Material for the task →
+ + + + +
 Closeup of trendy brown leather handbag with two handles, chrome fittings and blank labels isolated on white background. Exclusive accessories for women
+ + + + +
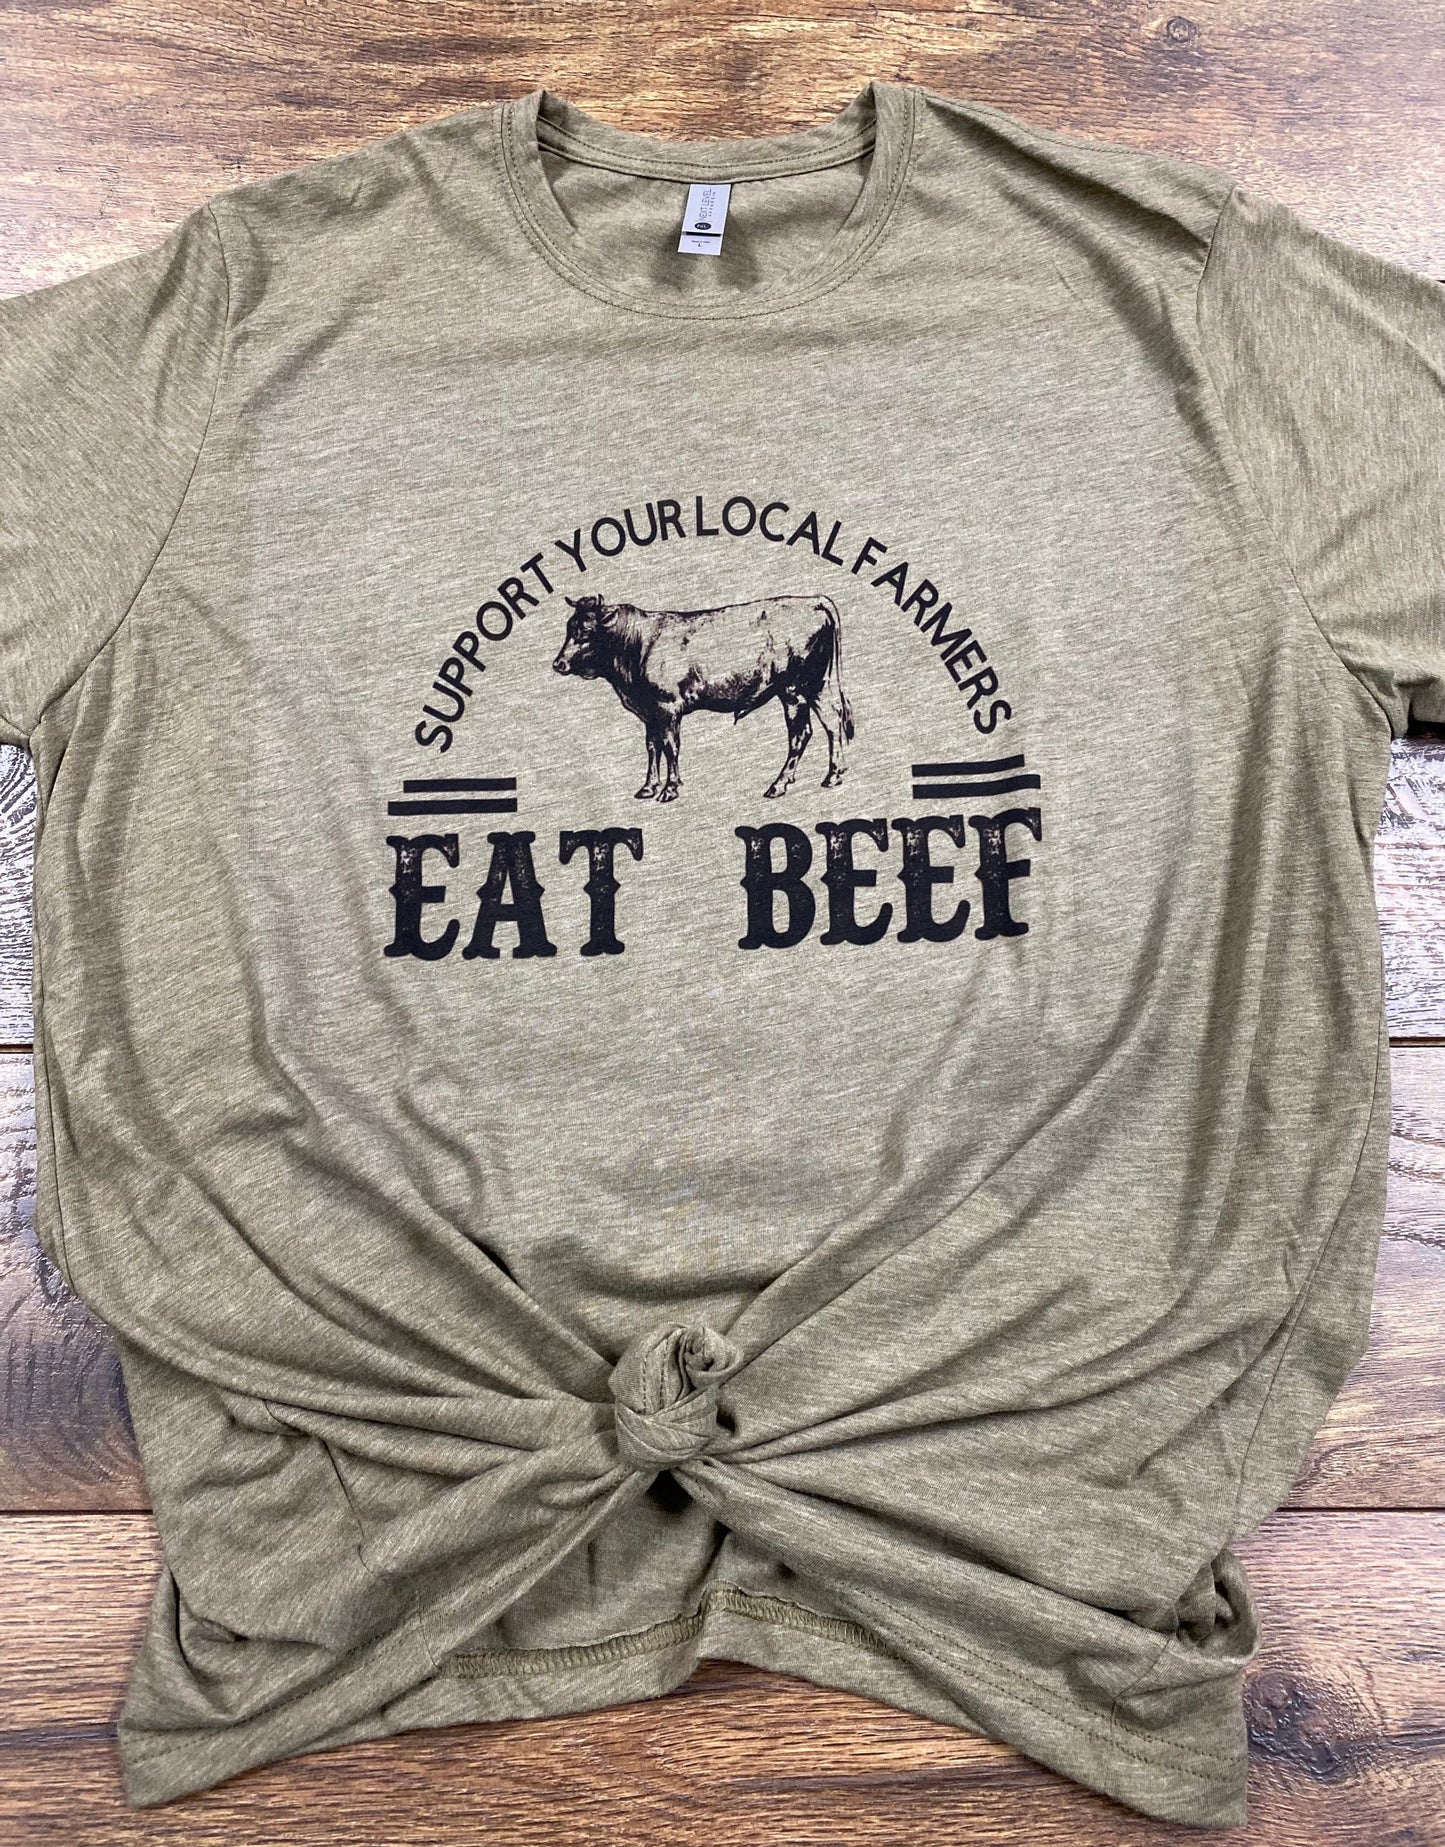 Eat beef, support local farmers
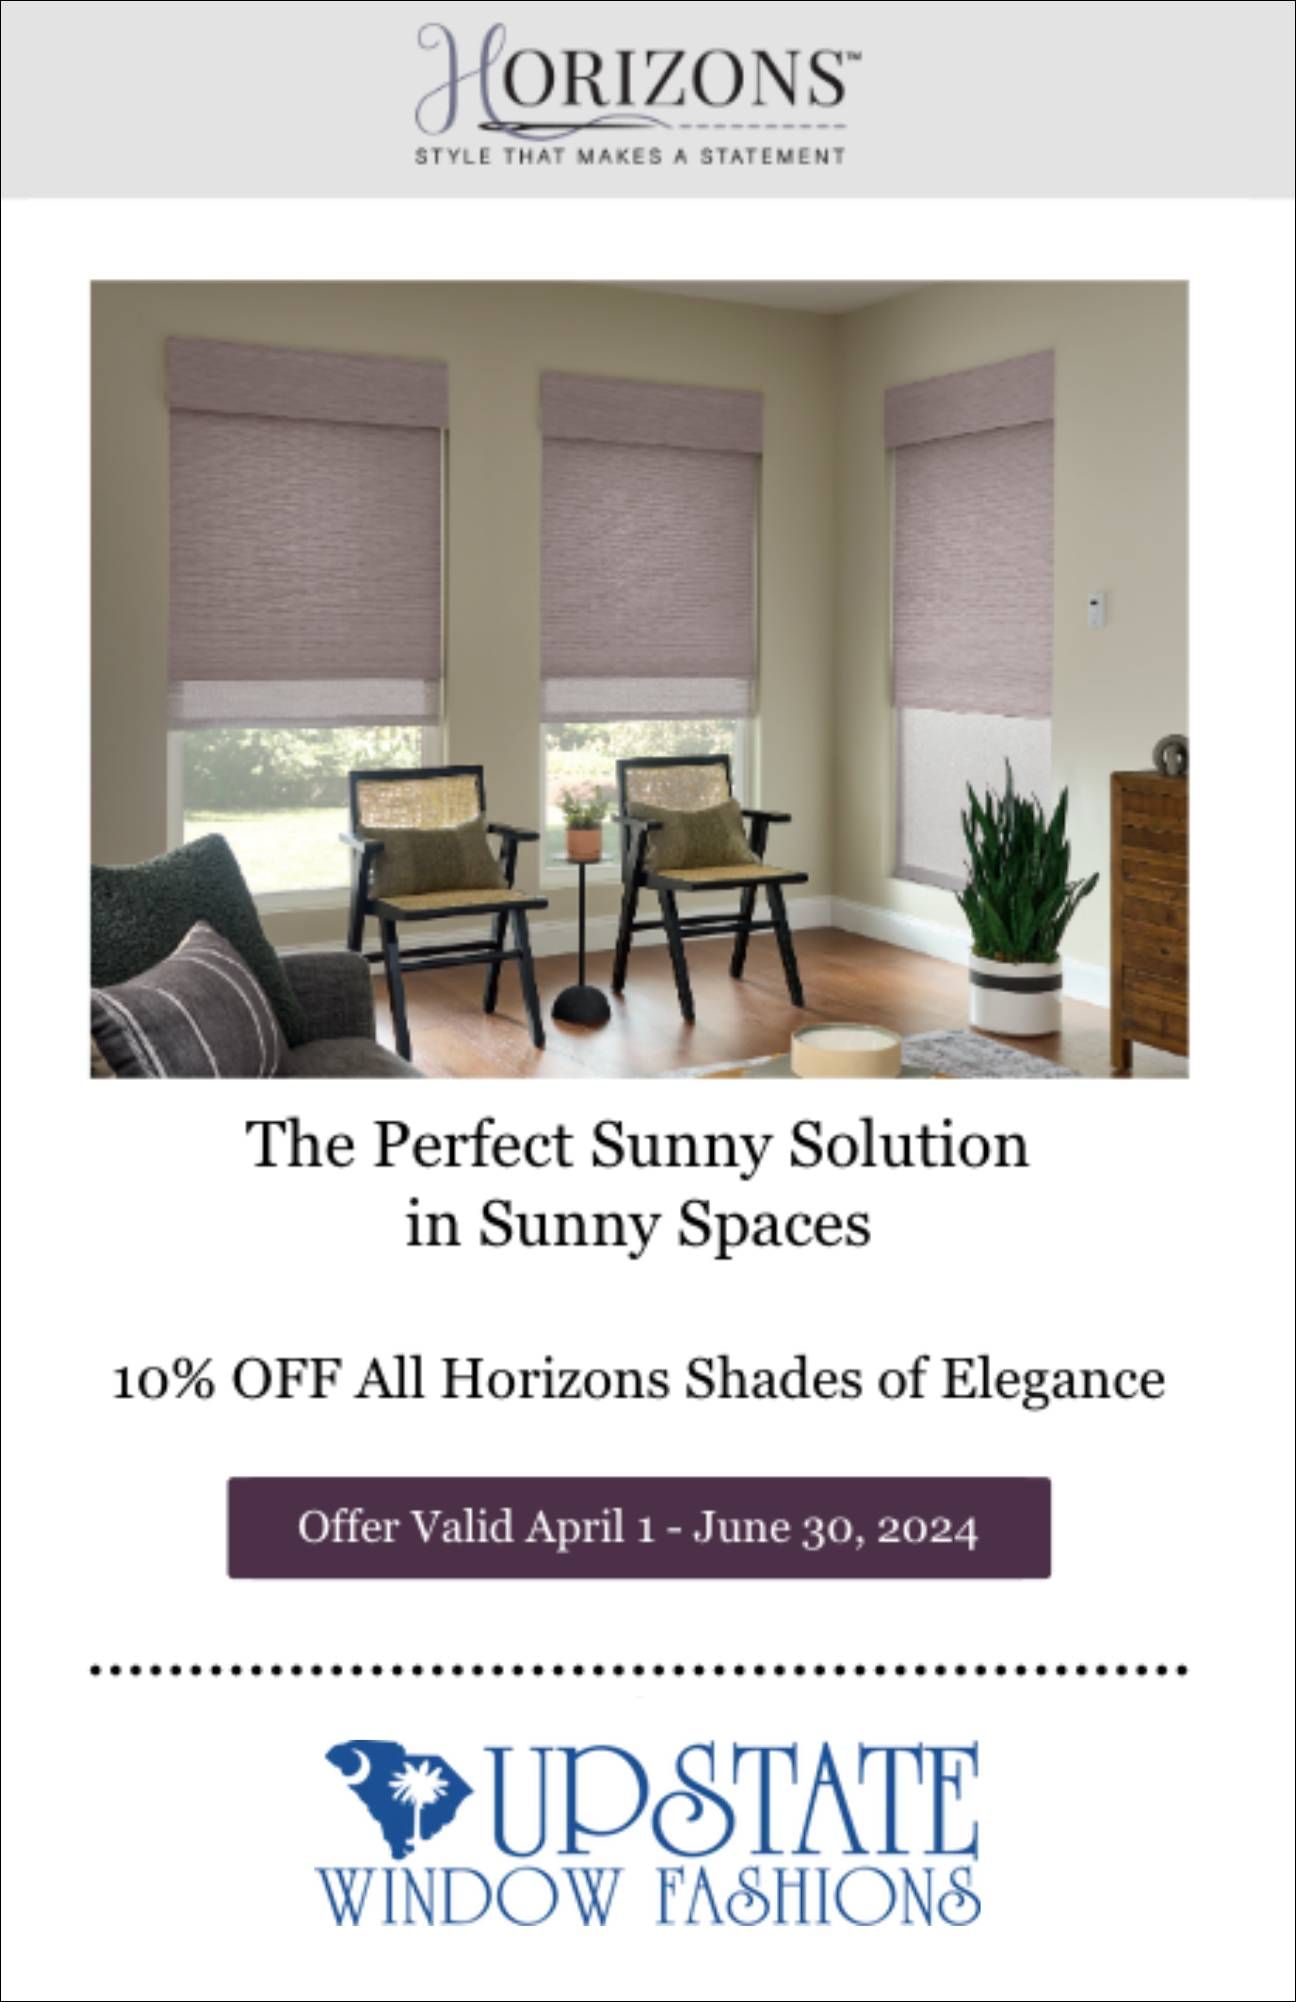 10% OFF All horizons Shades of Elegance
+ + + + +
Nothing but the lines above, starting at the line that contains "Eat beef, support local farmers" and ending at the line that contains "10% OFF All horizons Shades of Elegance", should be given again, exactly and without the pictures.

 Eat beef, support local farmers
 10% OFF All horizons Shades of Elegance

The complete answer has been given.